My husband suggested we order an umbrella stroller (those are the ones that fold up tiny, so named because they’re basically like an umbrella with wheels), from Amazon, but it was about as durable as an umbrella, so we quickly returned it and headed to Toys “R” Us. After trying many strollers, we were very happy to leave with the Contours Bitsy Stroller. It was lightweight, handled great, and cost $200, which seemed like a steal when almost every other stroller seemed to cost as much as a new TV.

Gliding the Bitsy through crowds and tight corridors quickly helped me regain my footing in society. Instead of feeling like people were bothered by my baby-pushing presence, I now felt like I was able to carry on somewhat unnoticed. We made an effort to bring the bare minimum of baby gear with us when we would go anywhere with other adults.

Once, my brother-in-law complimented us for traveling light to a family dinner.

“Too bad your brother and his wife can’t seem to do the same …” he murmured, and then began listing the variety of baby gear they had brought along to past events.

As a new and unsure parent, I sheepishly enjoyed the undeserved praise. People (falsely) seemed to assume that the less baby gear you had with you, the more competent a parent you were. I guess the logic was that if you’re leaving your home without all your fail-safes, it’s because you have a good handle on parenthood. In retrospect, I think we were giving into the constant, unspoken pressure of not wanting to seem overwhelmed in any way; we didn’t want to seem like having a baby had turned us into just parents.

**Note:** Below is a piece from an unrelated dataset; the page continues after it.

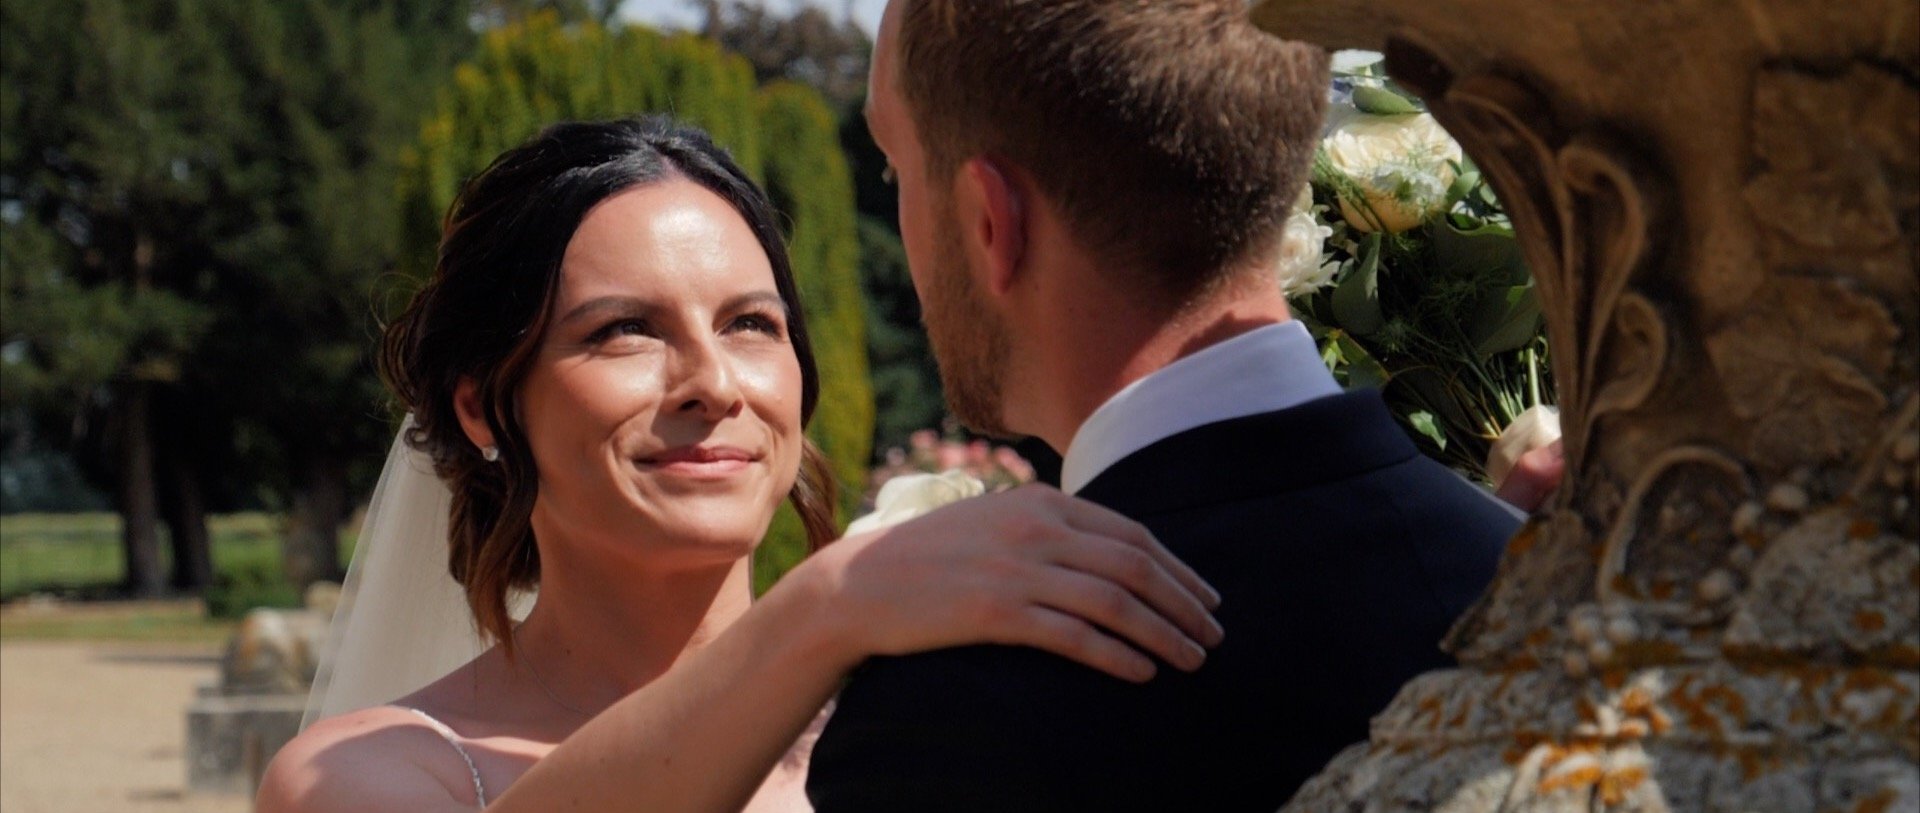 Stunning smile on bride in wedding video - 3 Cheers Media.jpg

This was best encapsulated by our first family trip, to New York City. Eating in a restaurant with young kids can feel intense and stressful under regular circumstances, but in Manhattan it was amplified; most restaurants we encountered didn’t have high chairs or seemingly any interest in serving minors. Once I realized this, the entire trip became about meal logistics and trying to find a restaurant we could all happily eat at without having to wait in line.

Our first night, we waited in line at a restaurant I immediately felt was too adult to bring a baby to: dimmed lighting, an awkwardly small waiting area by the hostess desk, and oh yeah, no children in sight. I spent the meal keeping food off the floor and my son from getting bored or rowdy. The second night we found a fun-looking spot near Central Park that was able to take a last-minute reservation.

We arrived ready to eat, our son in tow, when the hostess informed us they weren’t actually able to serve us; they were more of a “bar-restaurant” than a “restaurant-bar,” apparently.

“That’s too bad,” my husband replied, pointing at our infant son, “because he was going to drink a lot.” The staff politely chuckled as we headed out the door and back to the drawing board, the parents who tried to bring their baby to a bar.

Eventually we wound up at a fancy restaurant in an equally fancy hotel. The host seemed more like an actor researching the role of a snooty restaurant manager, and played the part perfectly; he looked visibly irritated at the idea of us dragging our baby along to dinner at his establishment.

Despite his clear displeasure, we were in luck: they had one table left, and even a high chair. Holding my son in one arm, I folded the stroller into its discreet, compact form with the other.

“Okay,” said the host, far less rude than he had been a moment ago. “That was cool.”

It was the validation I hadn’t known I’d been waiting for, and one of the moments I ended up remembering most from the trip from there on out. For a moment, instead of feeling overwhelmed, awkward, in the way, or totally isolated, I was finally able to feel like a normal person eating in an adult restaurant just like my pre-baby self used to do.

Melanie Westfield, who writes under a pseudonym, is a writer, tea drinker, and lottery player.